1. Street-View Image Generation from a Bird’s-Eye View Layout
2. DisCoScene: Spatially Disentangled Generative Radiance Fields for Controllable 3D-aware Scene Synthesis
3. BerfScene: Bev-conditioned Equivariant Radiance Fields for Infinite 3D Scene Generation(Follow DisCoScene)

1. Street-View Image Generation from a Bird’s-Eye View Layout

1.1 Problem introduction

From the title of this paper, we know it bound a relation from Bev(Bird’s-Eye View) to Street view image.

在这里插入图片描述

Concretely, the input (Bev) is a two-dimensional representation of a three-dimensional environment from a top perspective. In the BEV diagram, squares of different colors represent different objects or road features, such as vehicles, pedestrians, lane lines, etc. And green square means an ego vehicle that has three cameras in front.

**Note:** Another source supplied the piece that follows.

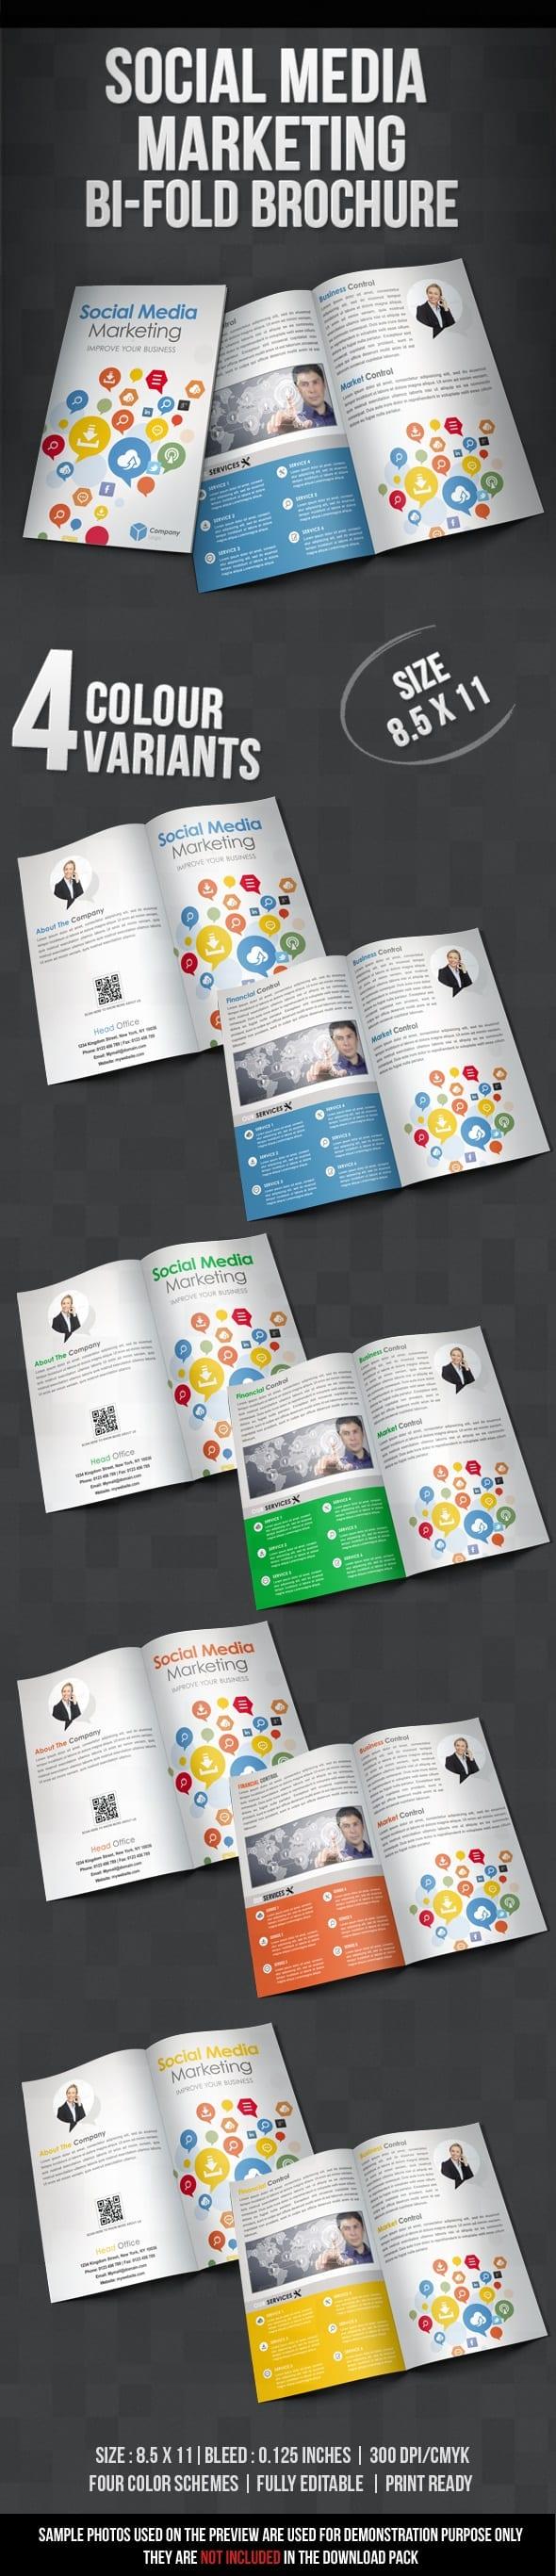 Social-Media-Marketing-Bi-foldmock

The task is to generate three street-view images aligned to the Bev according to the relative position among these square objects.

As for the concept of “layout”, it should consider the effects of these factors:

Cameras with an overlapping field-of-view (FoV) must ensure overlapping content is correctly shown
The visual styling of the scene also needs to be consistent such that all virtual views appear to be created in the same geographical area (e.g., urban vs. rural), at the same time of day, with the same weather conditions, and so on.
In addition to this consistency, the images must correspond to the HD
map, faithfully reproducing the specified road layout, lane lines, and vehicle locations.

1.2 Why

It is the first attempt to explore the generative side of BEV perception for driving scenes.

1.3 How

Methods

As shown in this pipeline, the Bev layout and source images were encoded as an input of the autoregressive transformer collaborating with direction and camera information to help the understanding of space. New mv-images were output.
Experiments
Three metrics are used.

FID represents the diversity and quality of generated images. Road mIoU and Vehicle mIoU can be used to represent the overlapping to verify the relative position in the Bev inputs.
Scene edit was achieved by the change of Bev layout:

1.4 My takeaway

How to utilize the ability of an autoregressive transformer!!! Why do we use it other than others?
I have known about what is Bev.

2. DisCoScene: Spatially Disentangled Generative Radiance Fields for Controllable 3D-aware Scene Synthesis

2.1 What

An editable 3D generative model using object bounding boxes without semantic annotation as layout prior, allowing for high-quality scene synthesis and flexible user control of both the camera and scene objects.

2.2 Why

Existing generative models focus on individual objects, lacking the ability to handle non-trivial scenes.
Some works like GSN can only generate scenes, without object-level editing. That is because of the lack of explicit object definition in NeRF.
GIRAFFE explicitly composites object-centric radiance fields to support object-level control. Yet, it works poorly on mixed scenes due to the absence of proper spatial priors.
Interesting refer:

17: Layout-transformer: Layout generation and completion with self-attention.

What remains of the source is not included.